Is there a way to make DTS work with ports opened only out?
(With Start transaction, Commit or Rollback).

- WS
Willy S
9/29/2006 7:27:02 AM

And yes, the transaction initiator is inside the firewall.

Without transaction support (database operations without
transactions/rollback) it works with only port 1433 opened out.

But DTS seems to not work wothout ports opened both directions.

Willy S
9/29/2006 7:31:03 AM
(the former post is empty for some reason..?)

And yes, the transaction initiator is inside the firewall.
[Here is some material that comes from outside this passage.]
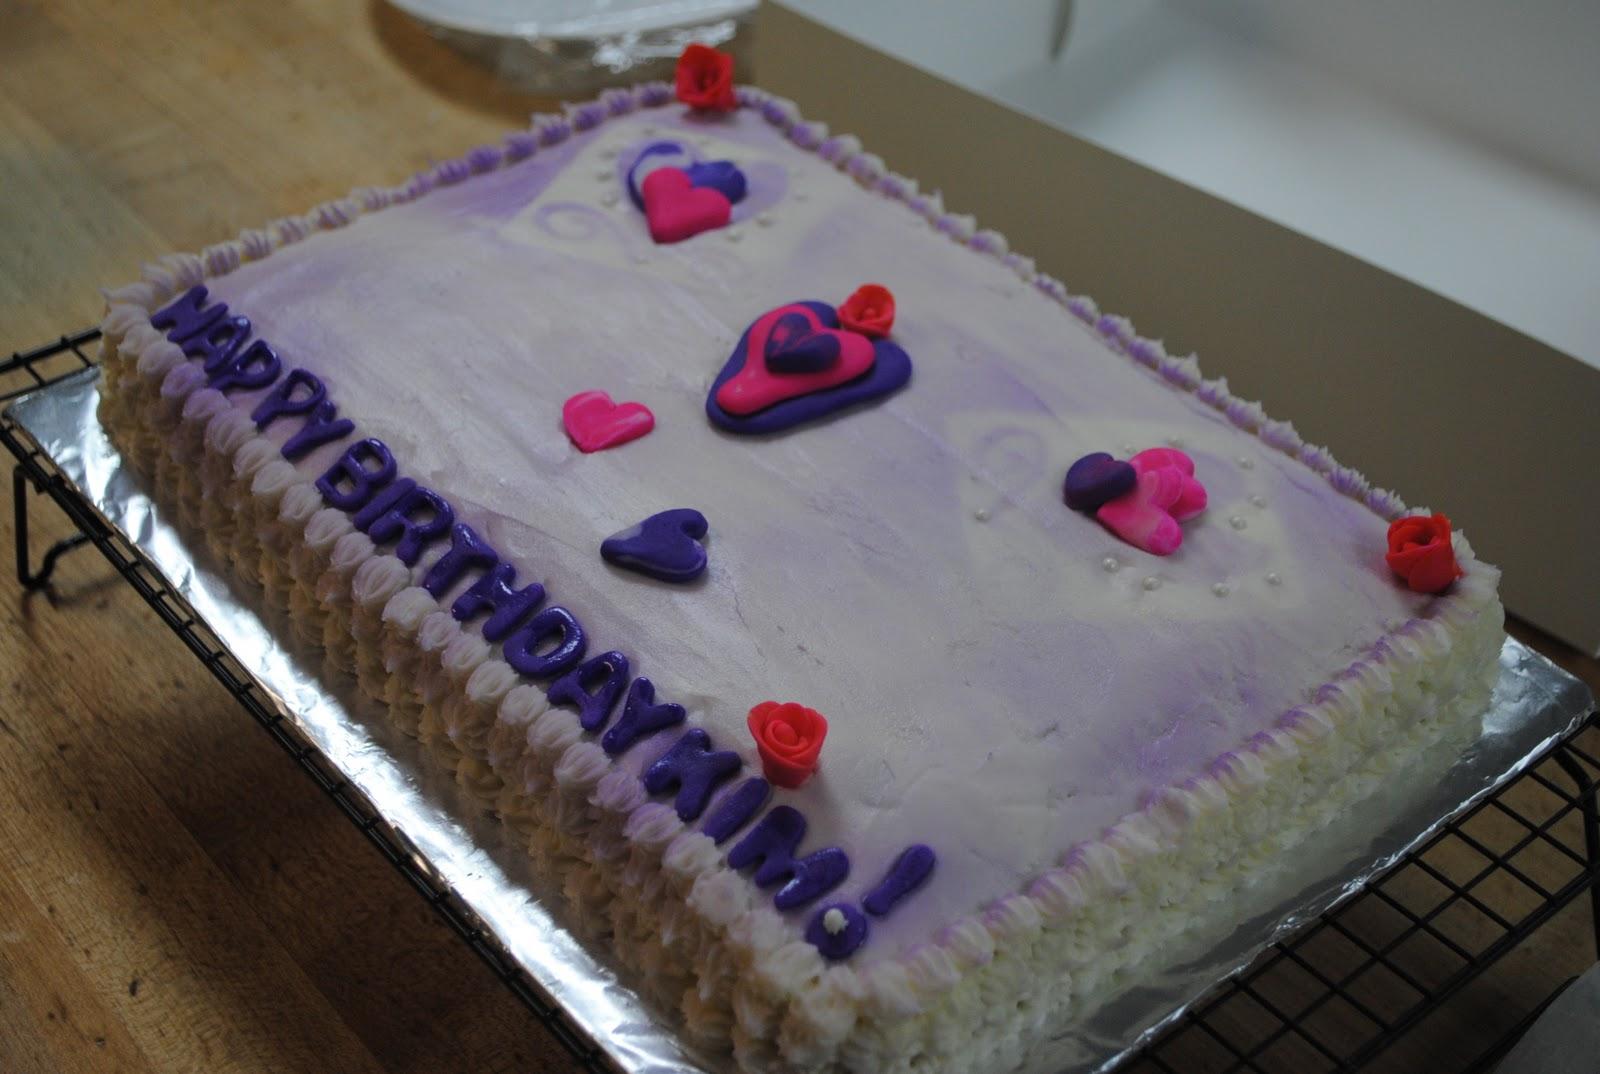 Cakes By Liz Poston The Happy Birthday Kim Cake

Without DTS, only database operations without commit/rollback only port 1433
needs to be open out.
But we need transaction handling (start, commit/rollback).

- WS
lucm NO[at]SPAM iqato.com
9/29/2006 7:53:33 AM
[quoted text, click to view]

Have a look here:
http://support.microsoft.com/default.aspx?scid=kb;en-us;287932

If you use DTC or something else for transactions then you might need
RPC. However if you use transactions inside SQL statements you just
need the plain old 1433 port.

Also use the IP and port in the connection string instead of the server
name (remember to use a comma to define the port, like
"192.168.1.1,1433") and disable the named pipes library.
Willy S
10/2/2006 6:17:06 AM

Ahh, I forgot to tell that this is about linked servers (using
sp_addlinkedserver to add the server to sysservers).

Running this statement:

SET xact_abort ON
GO
USE pubs
GO
BEGIN DISTRIBUTED TRANSACTION
SELECT * FROM "LINKEDSERVER".pubs.dbo.authors
COMMIT TRAN
GO

Gives this error if not all the desctibed ports is opened:

The operation could not be performed because the OLE DB provider 'SQLOLEDB'
was unable to begin a distributed transaction.
[OLE/DB provider returned message: New transaction cannot enlist in the
specified transaction coordinator. ]
OLE DB error trace [OLE/DB Provider 'SQLOLEDB'
ITransactionJoin::JoinTransaction returned 0x8004d00a].